Importing sequences in the fasta format¶
The fasta format is described formally here. The function
io.from_fasta()
imports a fasta-formatted file without any regard for
the kind of data it contains (DNA or RNA nucleotides, protein sequences).
Note that it is also possible to import Genepop-formatted genotypic data
using the io.from_genepop()
function. This function returns an
Align
instance, like io.from_fasta()
.
Simplest case¶
Let align1.fas
be the name of a fasta-formatted file containing an
alignment of DNA sequences. To import it as an EggLib object, all you have to do is run:
>>> import egglib
>>> aln = egglib.io.from_fasta('align1.fas', alphabet=egglib.alphabets.DNA)

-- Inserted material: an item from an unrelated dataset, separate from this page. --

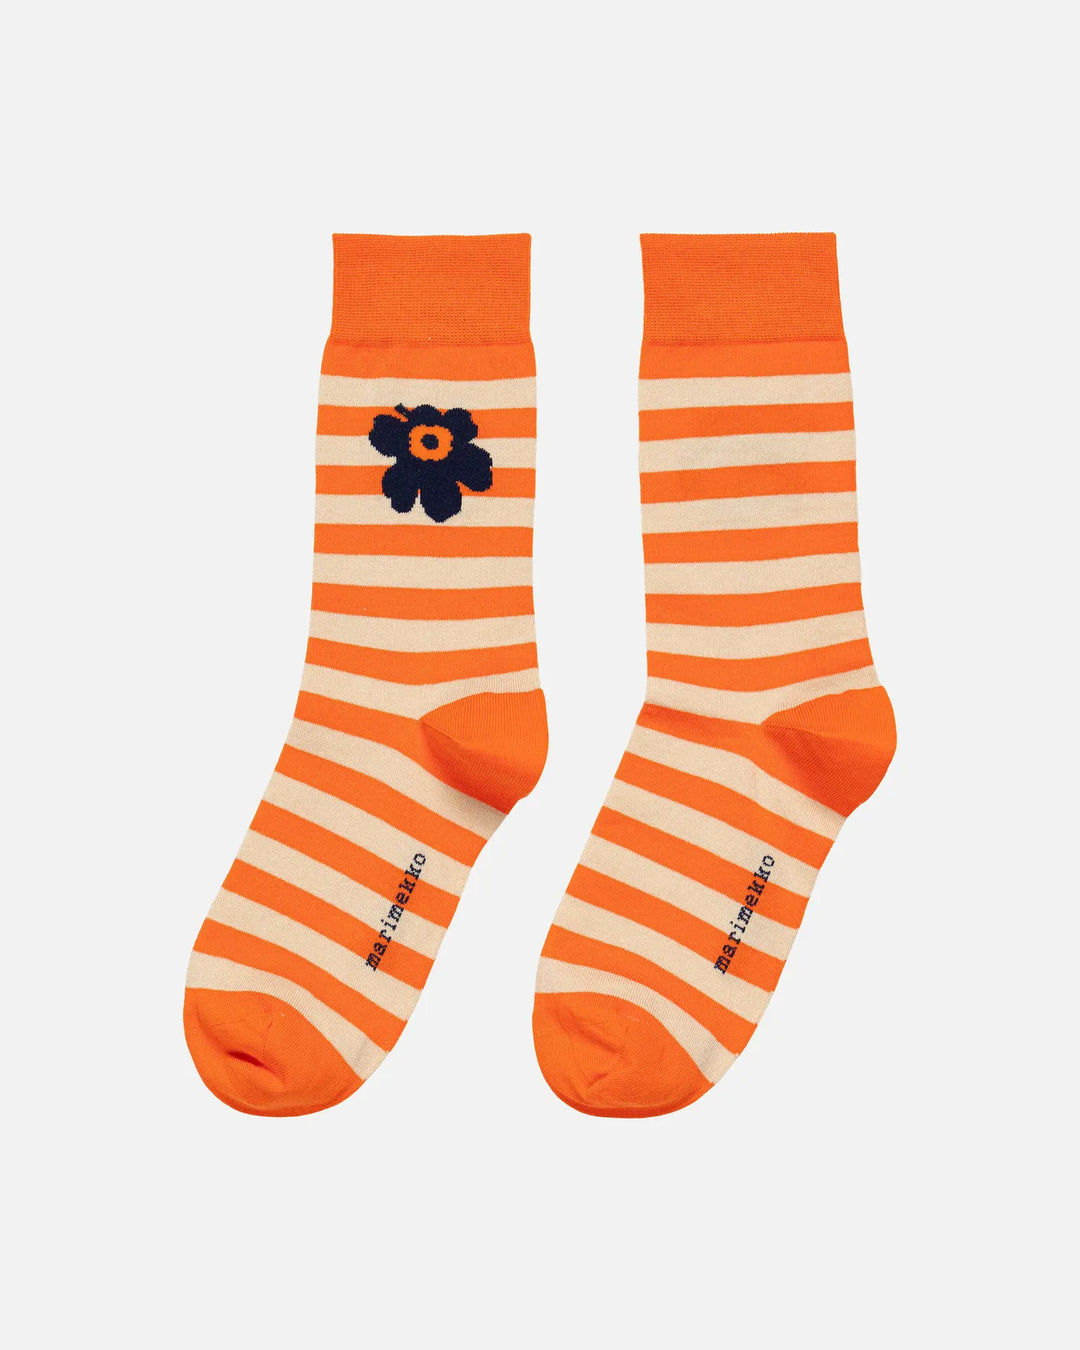 Kasvaa Tasaraita Socks, Orange/Beige

The type of the object is Align
, which is central to most of
EggLib’s functionality. One must necessarily provide an
Alphabet
to specify the type of data (such as
alphabets.DNA
, alphabets.protein
, among a few others,
or a custom type, see
the alphabets module for further
information). Align
instances are accepted as arguments by
many other methods of the package. If you want to see the contents of
an Align
instance, the expression print(aln)
will not be
useful. It will only give you an unique identifier of the object. This
manual will introduce some of the functionality offered by this class
and its relative Container
, but to get started you can access
the number of samples and the alignment length by the instance
properties ns
and ls
:
>>> print(aln.ns)
101
>>> print(aln.ls)
8942
Alignments and containers¶
The instances of type Container
are very similar to Align
except that the number of data entries is allowed to vary between samples.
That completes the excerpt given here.